The corridor was wide and brightly lit. Halfway along there was a heavy wooden door set into an arch, and behind the door Bolan could hear a hum of voices. He crouched and peered through the keyhole.
General Halakaz was sitting behind his desk and staring at the four men grouped beneath the Sudanese relief map on the wall of his office. "You are telling me, old chap," he said to Don Giovanni, "that you want me to withdraw all of my people from the control center and the main cavern one hour before blast-off?"
"That's what I'm telling you," Giovanni agreed.
"And assemble the entire work force in the empty chamber behind the generator cave?"
"You got it."
Halakaz leaned back in his chair and frowned. "May I ask why? Plenty of my people would like — I might say have the right — to be present during the countdown. The gang bosses and overseers in particular, after three years' back-breaking work, have earned a ringside seat. Surely they cannot be excluded from the ceremony we have awaited so long, the moment of truth when the tyrants of Khartoum will at last be called to account for their sins?"
"I want the whole damned lot in that empty cave."
"Don Giovanni figures," Mancini said smoothly, "that it would be kind of unfair to single out individuals when all of them have worked so hard. We're, uh, patching in TV on a closed circuit... a giant screen in that empty cave where everybody, but everybody, can share the excitement in the control room as the hour of, uh, triumph approaches, okay?"
Hamid el-Karim nodded.
"Splendid idea," Courtney drawled. "Most democratic."
"Well, old chap, I don't know about that..." Halakaz began.
The door slammed open and Mack Bolan walked into the room.
"Don't believe a damned word of it," he told the general. "It's after eight already. Less than four hours to go. Did you see any TV cameras in that control room? Have you noticed any cables, any sign of a screen, in or out of that cave?"
Halakaz ha
lf rose to his feet behind his desk, his mouth open in astonishment. El-Karim stood wide-eyed. David Courtney drew a 9 mm Beretta and leveled it at the Executioner's chest.
"They want all of you together in that cave so it'll be easier to gun you down," Bolan explained. "Unless they plan to seal it off and use chemical exterminators. They're making a fool of you. General. You've been tricked all along the line."
The four conspirators all yelled at once.
"How the hell did you..."
"Shut your goddamn mouth!"
"What does a Russian mineralogist..."
"Shut up or I'll drill you."
Halakaz held up one hand. "Gentlemen! Gentlemen! Order, please. There is no need for panic. Our friend Courtney has Mr. Bolan covered, and he appears to be unarmed. And as for you, old chap," he said, turning toward the Executioner, "I see no point in your making such wild statements."

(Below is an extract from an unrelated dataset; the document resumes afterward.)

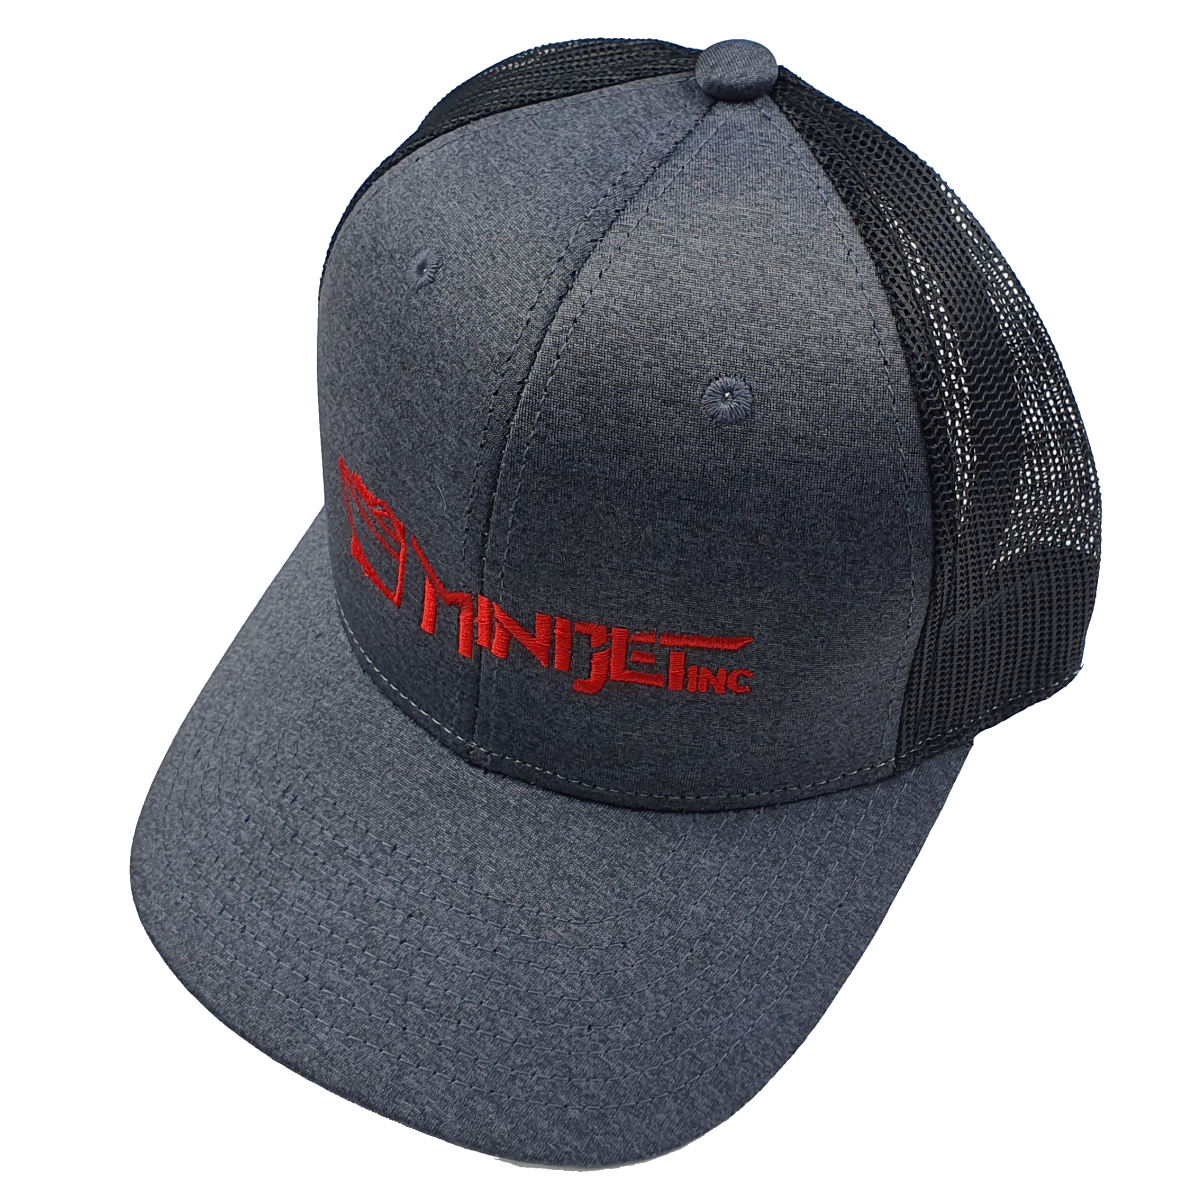 Minijet Hat Black back Charcoal Front Red Logo

"They're true," Bolan pressed. "I'm afraid you've been used. Now that the missiles are ready to be fired, you'll be... executed. In that cave. Because I promise you they have no intention of using those rockets to help you take Khartoum or any other city in the Sudan."
"That is ridiculous, old chap," Halakaz said, stemming the chorus of fury exploding from Giovanni and his companions.

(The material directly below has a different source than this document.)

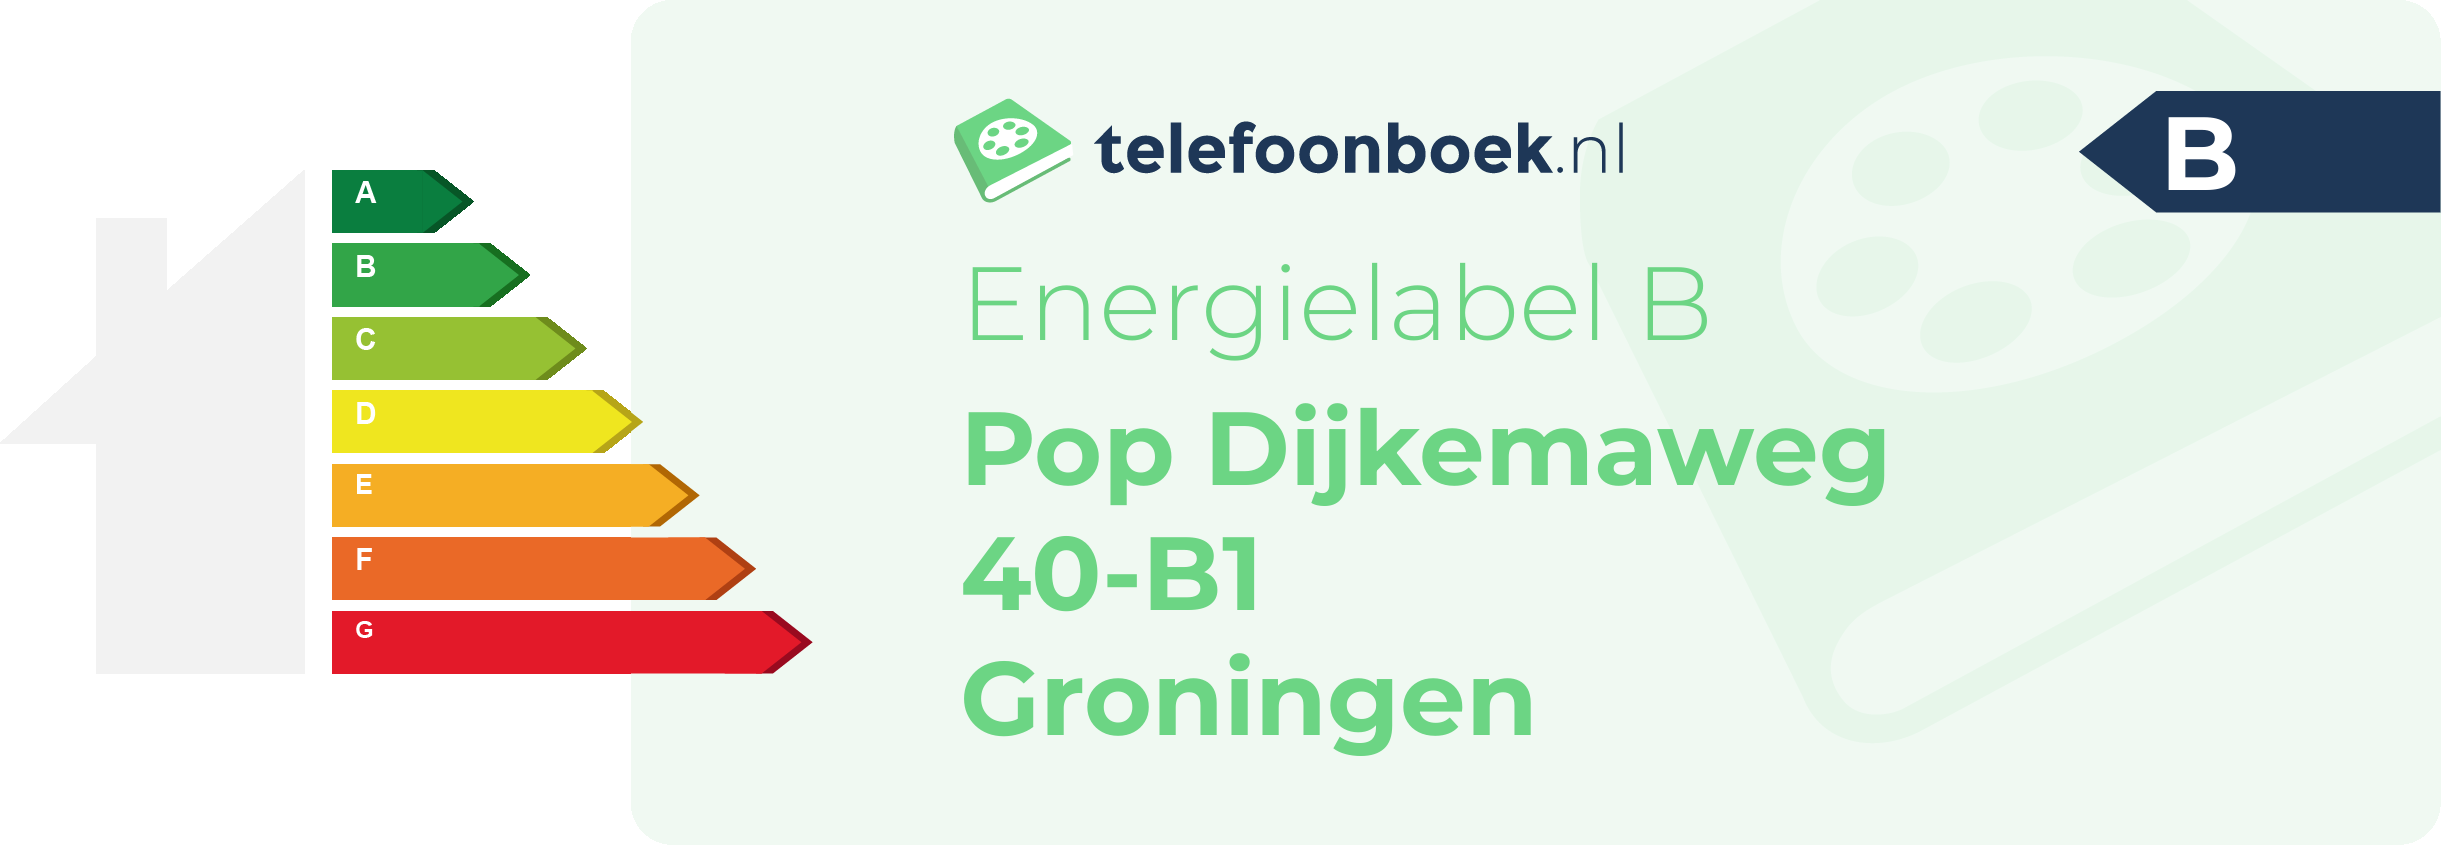 Energielabel Pop Dijkemaweg 40-B1 Groningen

"Are you a missile expert, General?"
"No, but..."
"Then how can you explain the fact that these weapons are not short-range tactical missiles suitable for such an operation, but intermediate rockets capable of delivering atomic warheads all over Europe and the Middle East?"

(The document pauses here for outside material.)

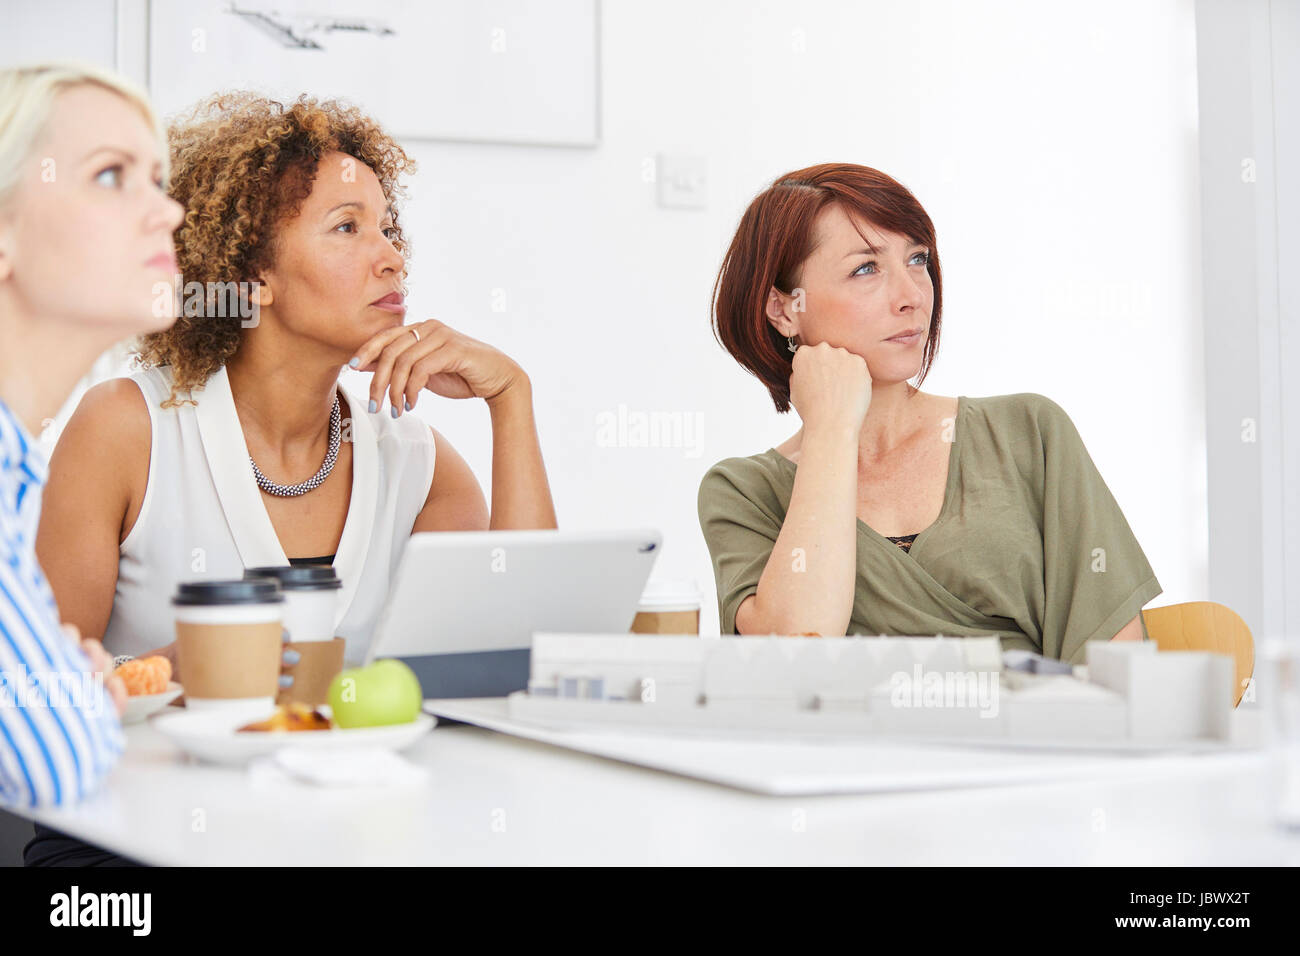 L'écoute de l'équipe architecte femelle au cours de réunion Banque D'Images

"Bull!" Unexpectedly Halakaz lapsed into the vernacular. "How can you possibly know that? How could a photographer..."
"I have to plead guilty to another deception there, General. I can't tell you who I work for..."
"He's a mercenary! Works for anyone who pays," Giovanni stormed.
"But I am an expert on modern warfare. And what I tell you is true."
Bolan's even voice carried conviction, and for the first time Halakaz hesitated. "What's more," Bolan continued, "if they were really going to help you conquer the Arabs in the north, would there really be such a highly placed Khartoum official working for them?"